SOURCE DATA —
▼

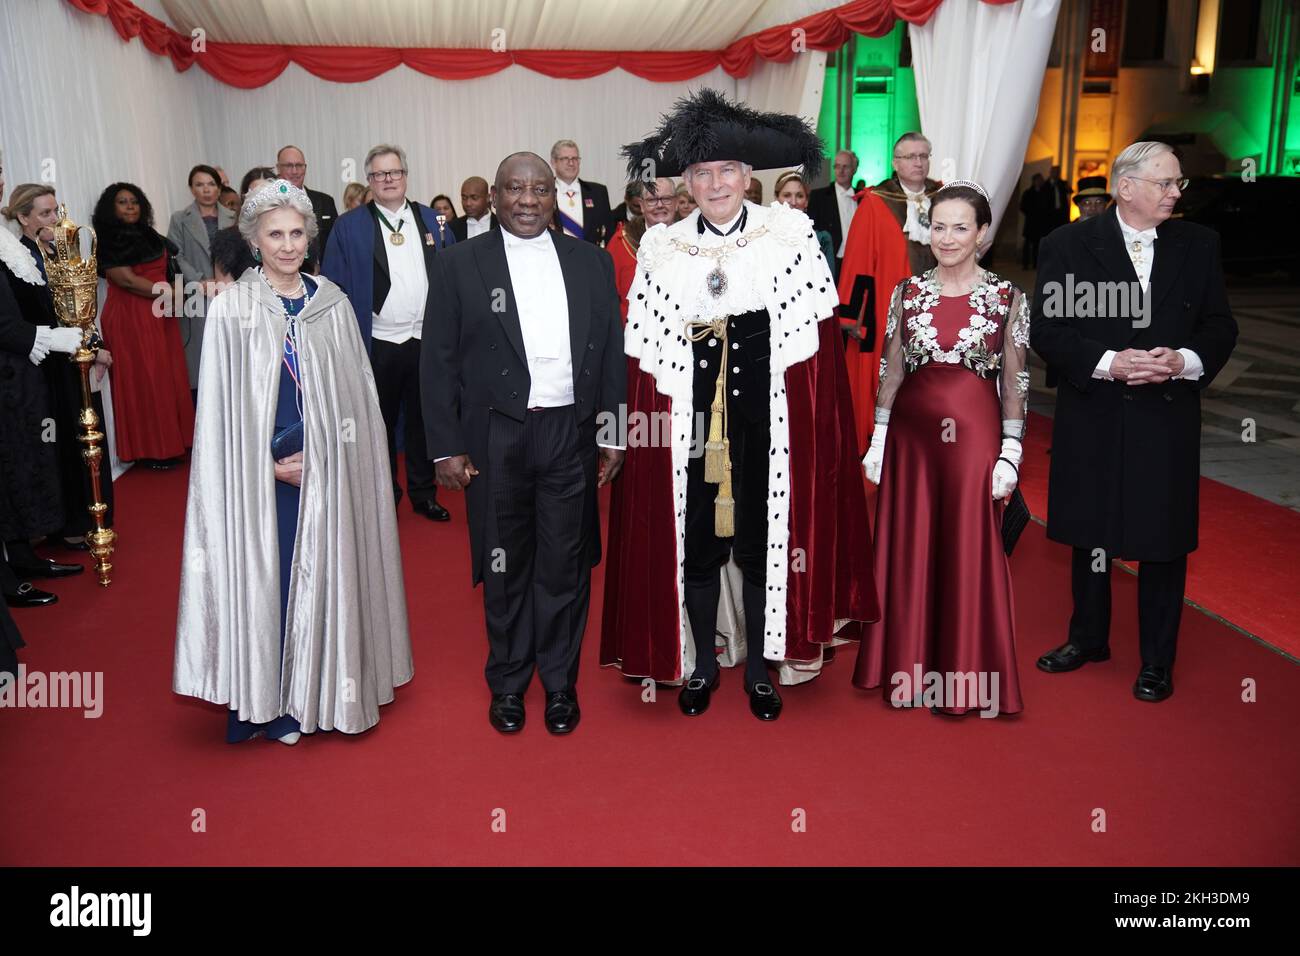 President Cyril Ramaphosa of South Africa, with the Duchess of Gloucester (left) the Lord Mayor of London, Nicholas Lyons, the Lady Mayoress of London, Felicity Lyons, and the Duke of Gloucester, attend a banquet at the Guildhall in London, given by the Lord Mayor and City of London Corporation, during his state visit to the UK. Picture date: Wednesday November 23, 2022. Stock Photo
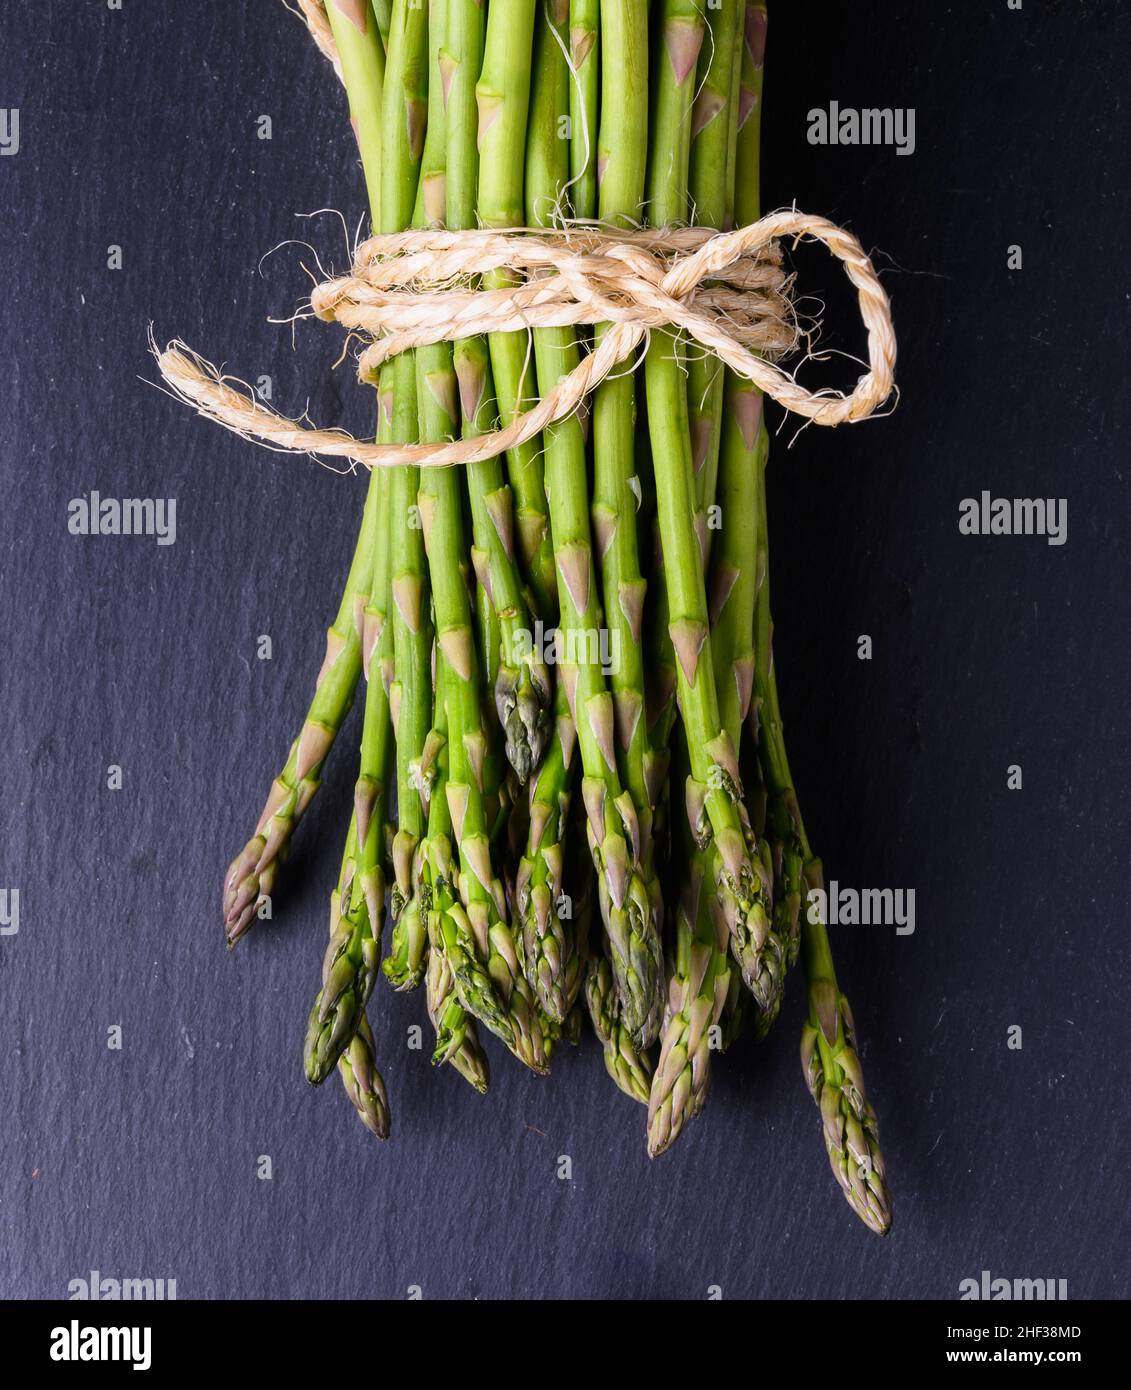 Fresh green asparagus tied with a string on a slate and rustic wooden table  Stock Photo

▲
▼

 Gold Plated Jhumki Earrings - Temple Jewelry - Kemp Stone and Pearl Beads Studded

▲

AIM OF THE TASK —
Output only the lines above from the one containing "President Cyril Ramaphosa" to the one containing "Fresh green asparagus", both included, exactly as written and with no pictures.

REPLY —
 President Cyril Ramaphosa of South Africa, with the Duchess of Gloucester (left) the Lord Mayor of London, Nicholas Lyons, the Lady Mayoress of London, Felicity Lyons, and the Duke of Gloucester, attend a banquet at the Guildhall in London, given by the Lord Mayor and City of London Corporation, during his state visit to the UK. Picture date: Wednesday November 23, 2022. Stock Photo
 Fresh green asparagus tied with a string on a slate and rustic wooden table  Stock Photo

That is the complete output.